The Sixth Circuit recently held that employers can enforce strict call-off and attendance policies, even against employees who are using or requesting FMLA leave. In Srouder and White v. Dana Light Axle Manufacturing, LLC, 2013 WL 4007646 (6th Cir. Aug. 7, 2013), the company required employees to call off each day when they were absent and considered employees to have voluntarily resigned if they failed to call off for two consecutive days. The company terminated Matt White for not complying with this policy, and the court upheld the termination, notwithstanding the fact that White’s absence could have been covered by the FMLA.
White began treatment for stomach pain in September 2009 and called off on a number of days. White also planned to be off in October for hernia surgery. Although White submitted FMLA paperwork for these absences, the paperwork was incomplete, and the company told him to resubmit the paperwork in order to qualify for FMLA leave and comply with the company’s attendance policy.
After missing four more consecutive days of work without calling off (October 1, 2, 5 and 6), White dropped off revised FMLA paperwork on his way to the hospital to have the hernia surgery on October 7. However, the Company considered White’s FMLA paperwork to be too late and terminated White’s employment for violating the Company’s call-off and attendance policies.
White filed a lawsuit claiming the company unlawfully interfered with his FMLA rights. White relied on an earlier case that had interpreted an FMLA regulation that was subsequently amended. The amended regulation, 29 C.F.R. § 825.302(d), now provides, in relevant part, that: “[a]n employer may require an employee to comply with the employer’s usual and customary notice and procedural requirements for requesting leave, absent unusual circumstances.…An employee also may be required by an employer’s policy to contact a specific individual…Where an employee does not comply with the employer’s usual notice and procedural requirements, and no unusual circumstances justify the failure to comply, FMLA leave may be delayed or denied. However, FMLA-protected leave may not be delayed or denied where the employer’s policy requires notice to be given sooner than set forth in paragraph (a) of this section…”

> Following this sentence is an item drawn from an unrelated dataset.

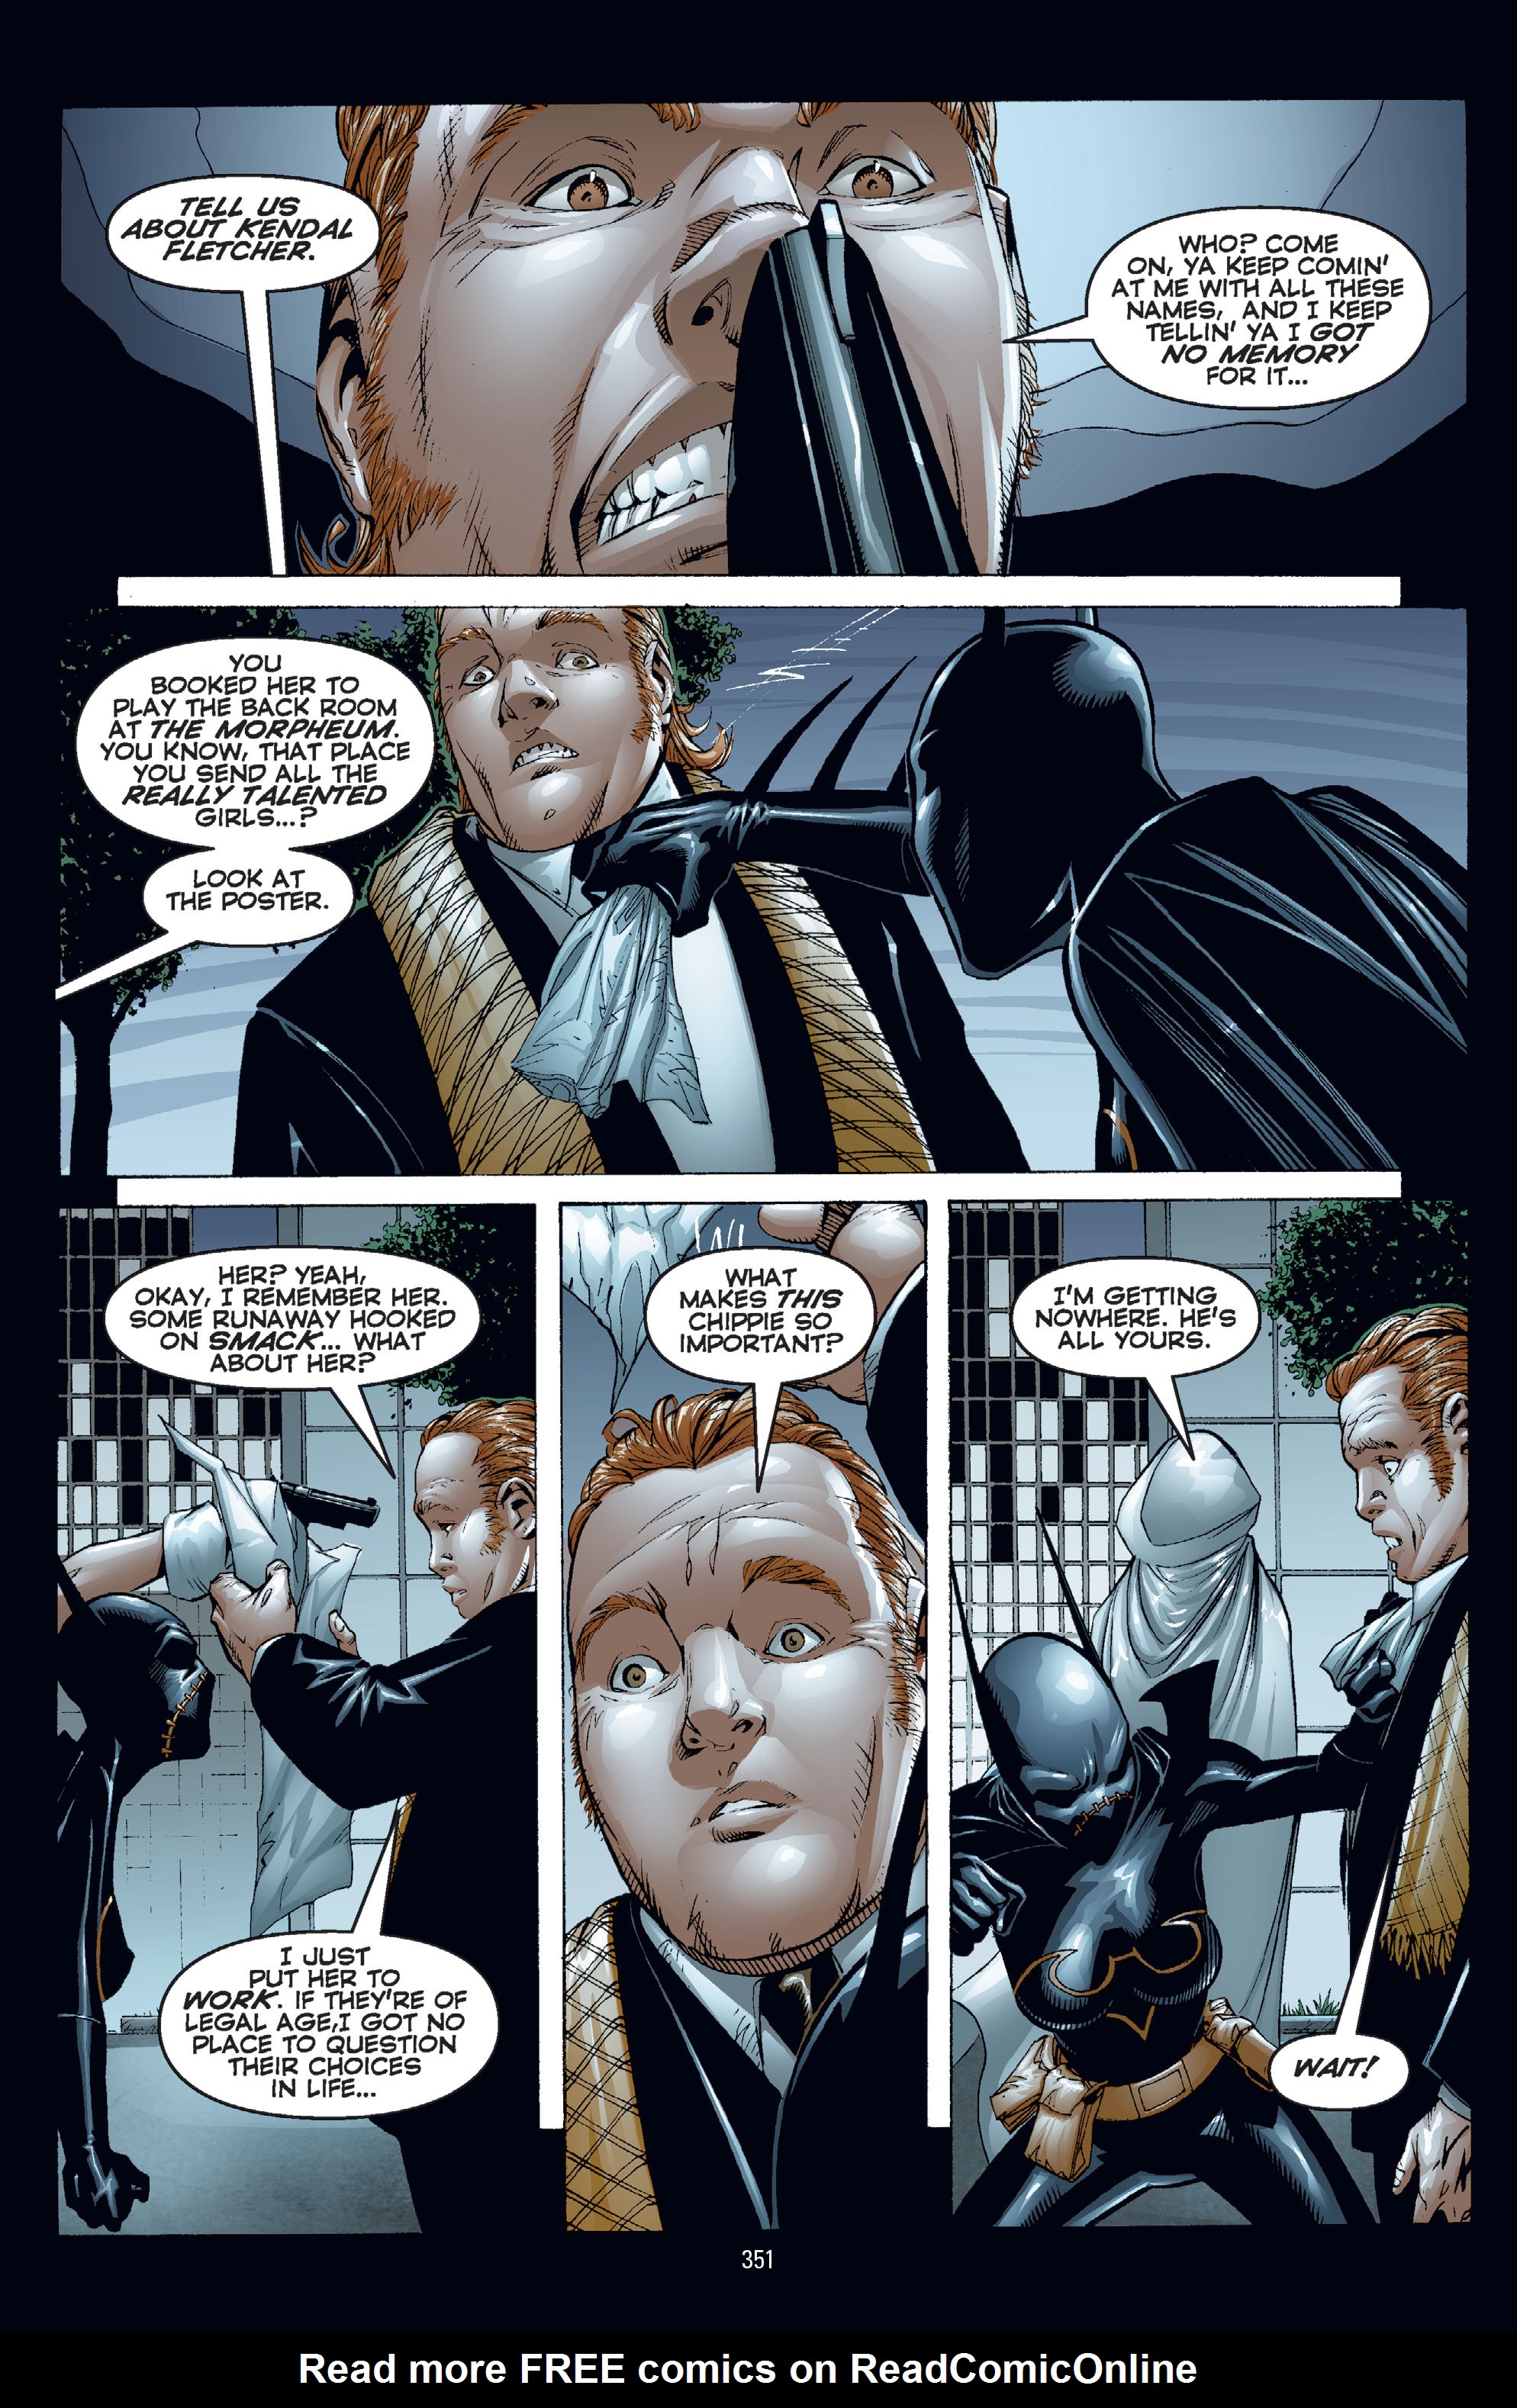 DC Comics/Dark Horse Comics: Justice League Full #1 - English 341
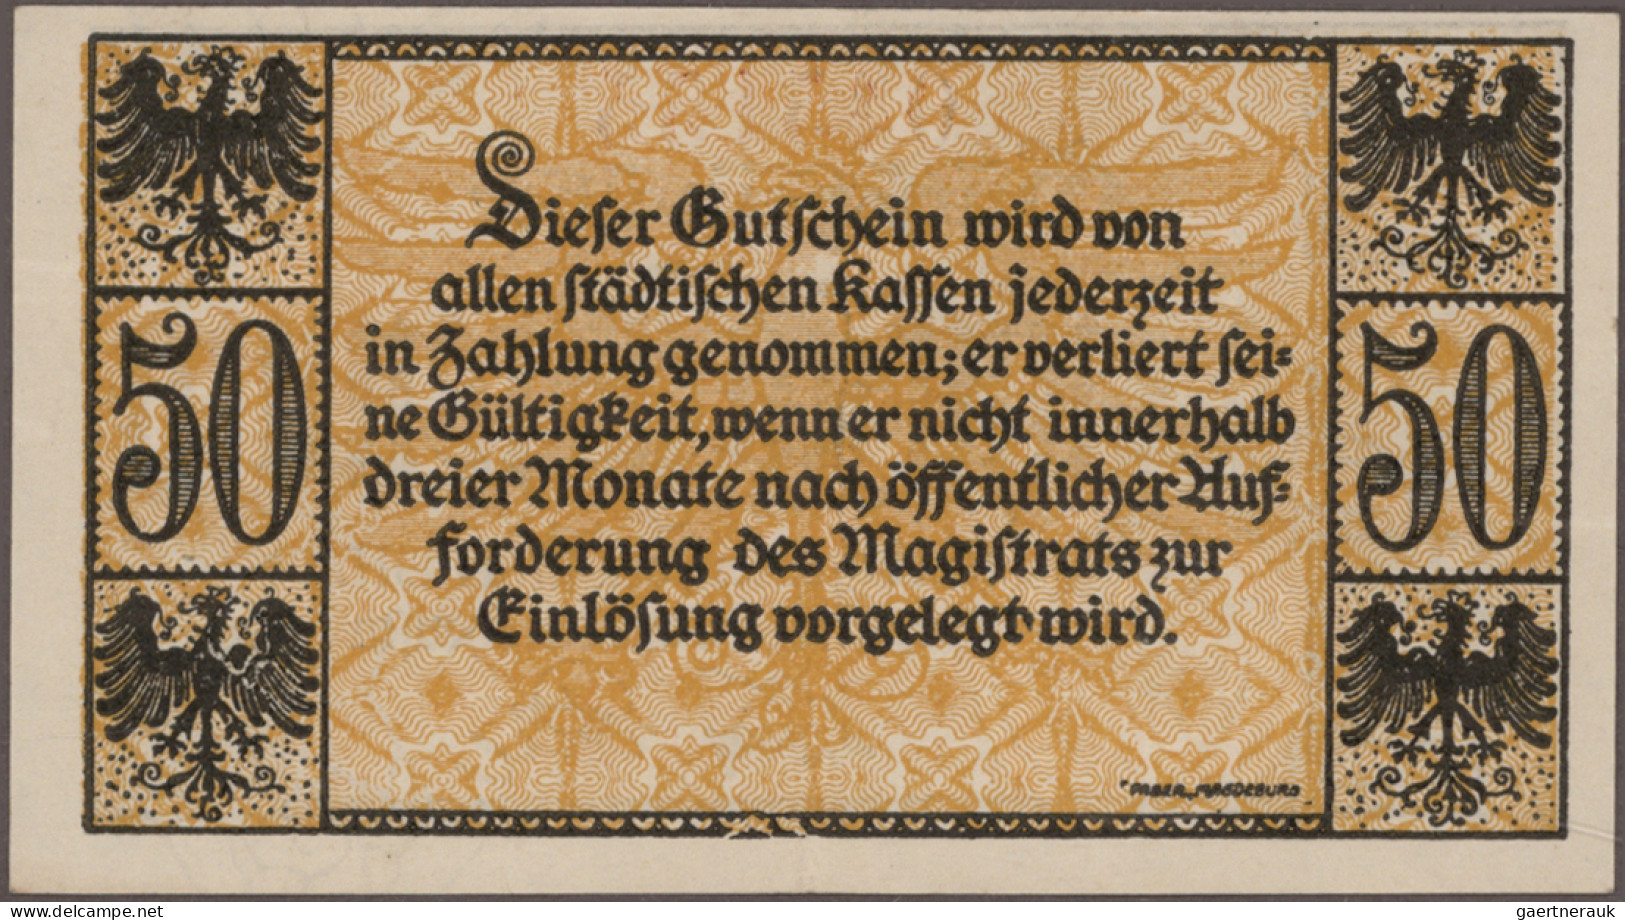 Deutschland - Notgeld: Kleingeldscheine ohne Serienscheine, Sammlung aus den 60e

The court observed that the amended regulation “explicitly permits employers to condition FMLA-protected leave upon an employee’s compliance with the employer’s notice and procedural requirements, absent unusual circumstances.” Based on the amended regulation, and in the absence of any evidence of unusual circumstances explaining White’s failure to call off for four consecutive days, the court held that “regardless of whether White provided sufficient FMLA notice to Dana during the September 30 meeting, Dana was nevertheless justified in terminating White’s employment for his failure to follow the call-in requirements of Dana’s attendance policy.”
The White case illustrates that employers can require employees to adhere to strict call-off and attendance policies so long as: (1) the policies do not require the employee to give more advance notice of the need for the leave than that required by the FMLA regulations (30 days for foreseeable leave and as soon as practicable for other circumstances); (2) the policies are uniformly applied to all absences; and (3) there is no reason to believe that the employee was unable to comply with those policies.